Vodka has no color because it is distilled from pale grain or vegetables including rye, wheat and potatoes. Vodka also frequently has little or no taste, and as such it is preferred as the base for mixed drinks that use other ingredients to add color and taste. Vodka is available in a wide range of strengths, depending on the origin and local restrictions.
The strongest vodka available in the United States was given the green light for consumption by New York State in 2010. The Polish product is called Spirytus and comes in at 192 proof. That means it contains 96 percent pure alcohol and is considered extremely powerful. New York has no laws governing the strength of the alcohol sold inside its borders. It does have laws that require labels and advertising to be true, and since in this case they are, Spirytus is legal. Theoretically vodka that contains 100 percent alcohol can be produced. On today's legal market, 96 percent is as close as you can get.
The aptly named Balkan Vodka is manufactured in Bulgaria but is not yet legal to sell or consume in the United States. That does not prevent people in over 20 other countries from indulging in this 176-proof vodka. With 88 percent pure alcohol, Balkan is not the strongest in the world, but it is the strongest available in many of the countries where it is sold.

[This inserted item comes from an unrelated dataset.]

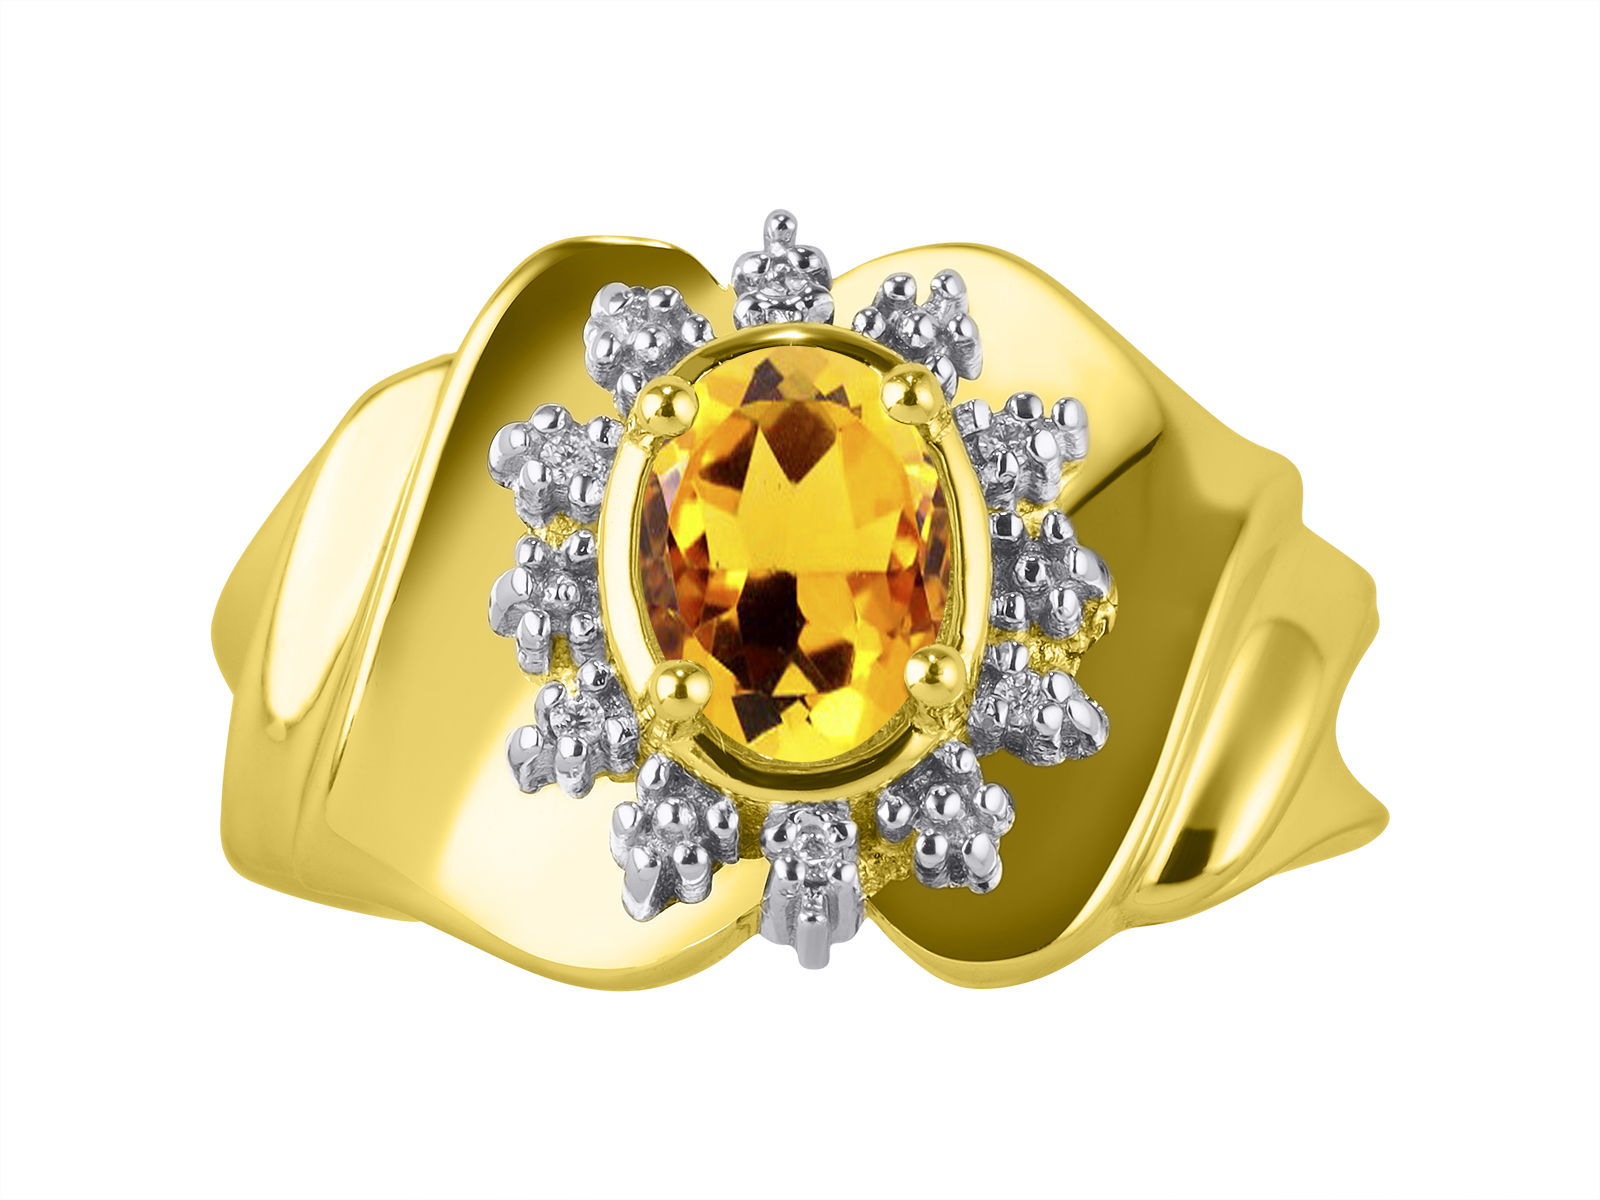 RYLOS Simply Elegant Color Stone   Birthstone / Gem StoneYellow Topaz /  Citrine & Diamond Ring   November Birthstone

High-powered liquors are not typically better tasting or more refined in any way. Instead their payoff is in the uniqueness of a product that most people have not tried and the element of challenge that they embody. The highest-proof vodkas are no different since they often enjoy a limited market seeking the novelty of the experience and not necessarily the taste of the product.
Proof vs Strength
Every vodka bottle lists the strength of its contents in proof. For example, your vodka bottle may read 100 proof rather than explaining the alcohol content in percentages. Proof is a term that reflects the need to prove the actual alcoholic content rather than leaving it up to the manufacturer to be honest about things. There was a time when distilleries would dilute the finished product with water. A simple volatility check using gunpowder and a match would reveal if water had been added or not. If not, the liquor was considered proven and the proof was stamped on the side. The proof is equal to double the percentage of alcohol, such that 100-proof vodka contains 50 percent alcohol.
- Travel and Leisure Magazine: World's Strongest Liquors
- The Huffington Post: What Does an Alcohol's 'Proof' Actually Mean?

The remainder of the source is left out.